La Monnaie, 21 septembre
Richard Martet avait salué dans ces colonnes la fluidité, la drôlerie et la lisibilité de cette production signée Laurent Pelly, créée au Teatro Real de Madrid en octobre 2019 (voir O. M. n° 151 p. 50 de juin). Elle aurait dû arriver à la Monnaie un an plus tard si la pandémie n’en avait décidé autrement. Le public bruxellois aura pu finalement la découvrir en ouverture de la première saison de Christina Scheppelmann comme directrice générale, étant clairement annoncé que les spectacles programmés jusque fin 2025 sont encore les choix de son prédécesseur Peter de Caluwe : le mandat de l’Allemande commencera véritablement en janvier 2026 avec Benvenuto Cellini.
Alain Altinoglu, reconduit par Scheppelmann pour un nouveau mandat de directeur musical, assurera la continuité entre les deux règnes. Précise, incisive, efficace, sa direction se révèle ici aussi virtuose que la mise en scène. Mais à l’évidence des accents de la comédie, le chef ajoute un souci de la forme et de la beauté sonore : son Falstaff est, autant que ses récents épisodes du Ring wagnérien, l’expression de la fusion parfaite entre un sens dramatique constant et un véritable hédonisme musical. Lequel renvoie d’ailleurs ici à l’esthétique assumée de la vision de Pelly, dont certains tableaux sont un plaisir pour les yeux.
Sans être exceptionnel, le plateau vocal s’avère de belle tenue. On y retrouve nombre de fidèles de la Monnaie, à commencer par Sir Simon Keenlyside, qu’on n’avait plus entendu à Bruxelles depuis plus de vingt ans (il incarna notamment Orfeo et Don Giovanni lors de l’ère Foccroulle) mais qui revient pour tenter son premier Falstaff. Séduisant par son lyrisme plus que par une vis comica un peu parcimonieuse, le baryton anglais livre une incarnation plus attendrissante que véritablement convaincante, avec un registre central bien projeté et très clair mais un grave insuffisant. Lionel Lhote campe un Ford impeccable de netteté et de puissance, qu’il partage avec la Quickly somptueuse de Daniela Barcellona.
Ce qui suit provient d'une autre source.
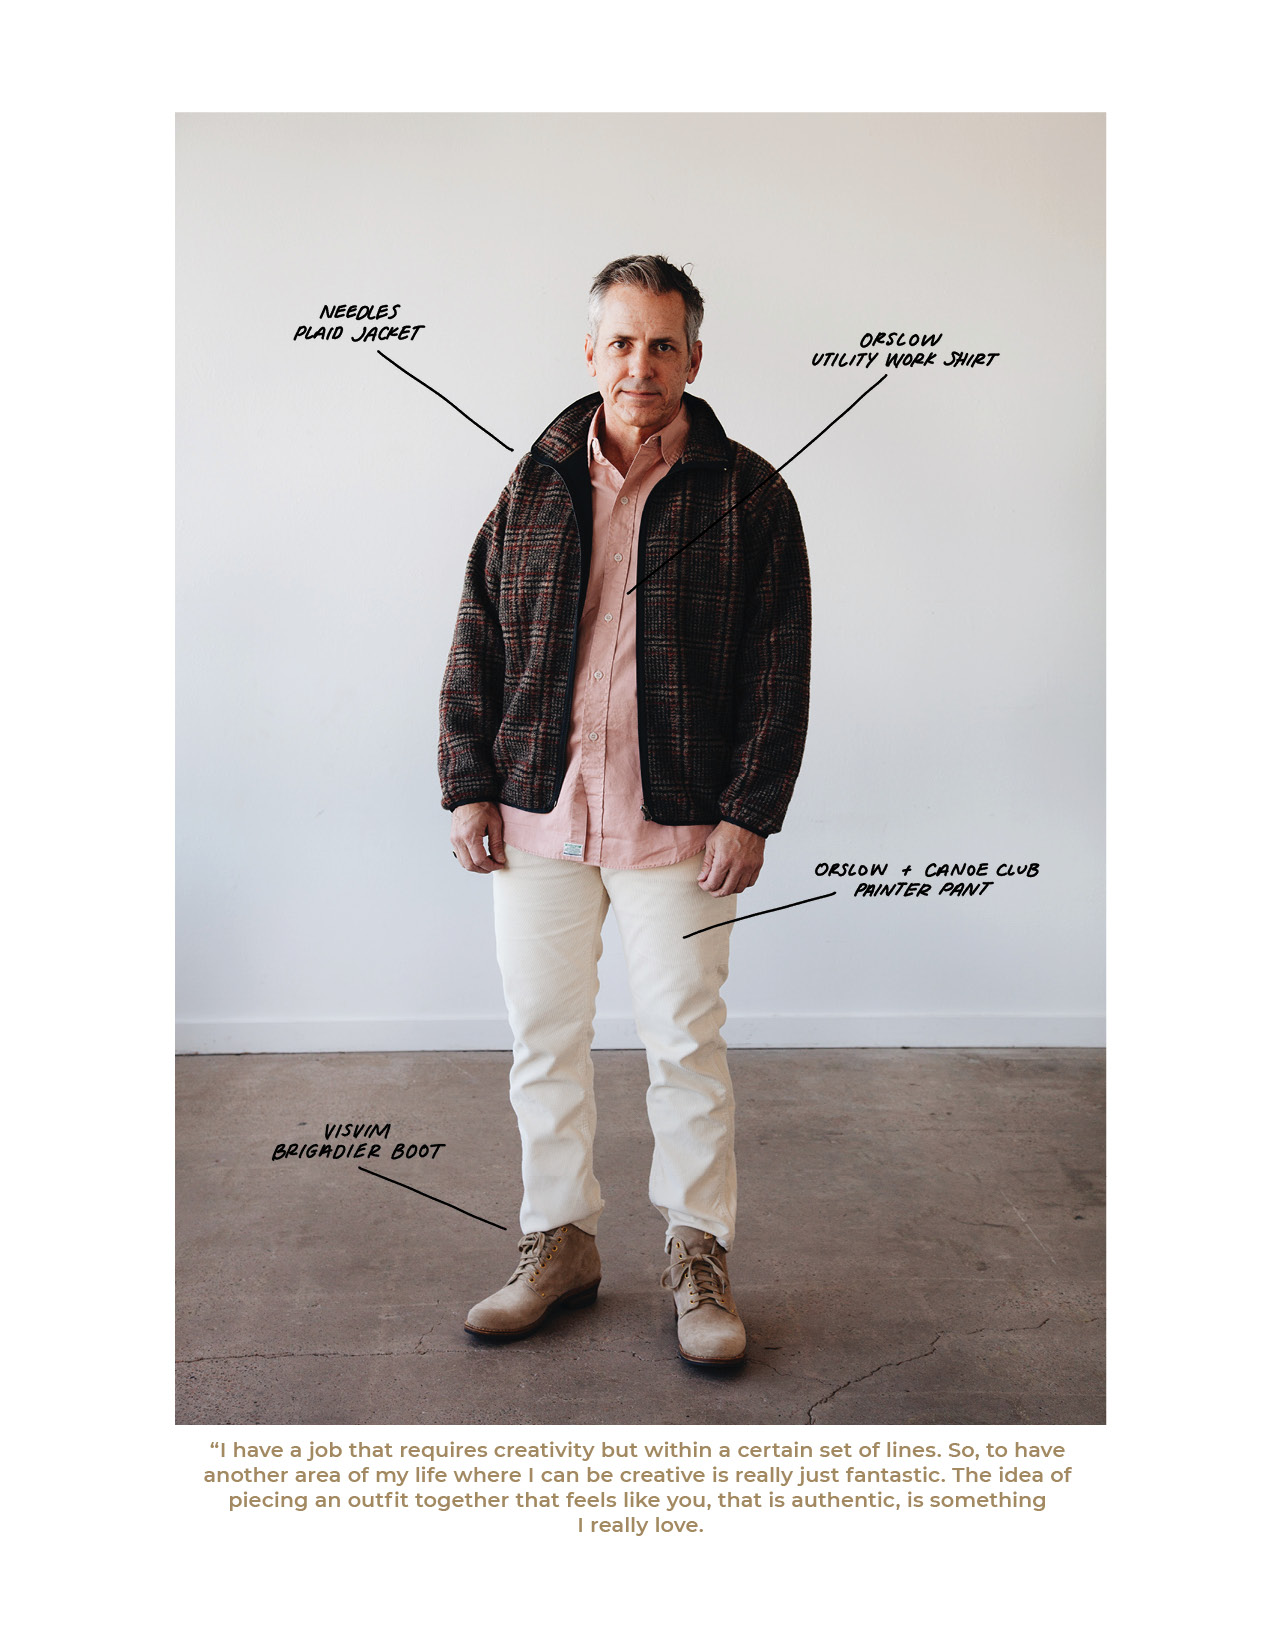 needles plaid jacket, orslow utility work shirt, canoe club x orslow painter pant, and visvim brigadier boots on body

Sally Matthews, qui a déjà chanté à Bruxelles des emplois aussi différents que la Governess de The Turn of the Screw, la Maréchale, Daphné, la Comtesse de Capriccio, Jenůfa, Norma, Tatiana et Anne Trulove, propose cette fois une Alice Ford affirmée et puissante, mais çà et là imprécise. On est séduit par un couple d’amoureux empreint de fraîcheur (Benedetta Torre en Nannetta et Bogdan Volkov en Fenton) et par le Bardolfo plein de verve de Mikeldi Atxalandabaso, on salue les très corrects Pistola de Patrick Bolleire et Meg Page de Marvic Monreal, et on regrette que John Graham-Hall, mémorable Aschenbach – il y près de deux décennies il est vrai – en soit réduit à un Cajus terne et parfois dissonant.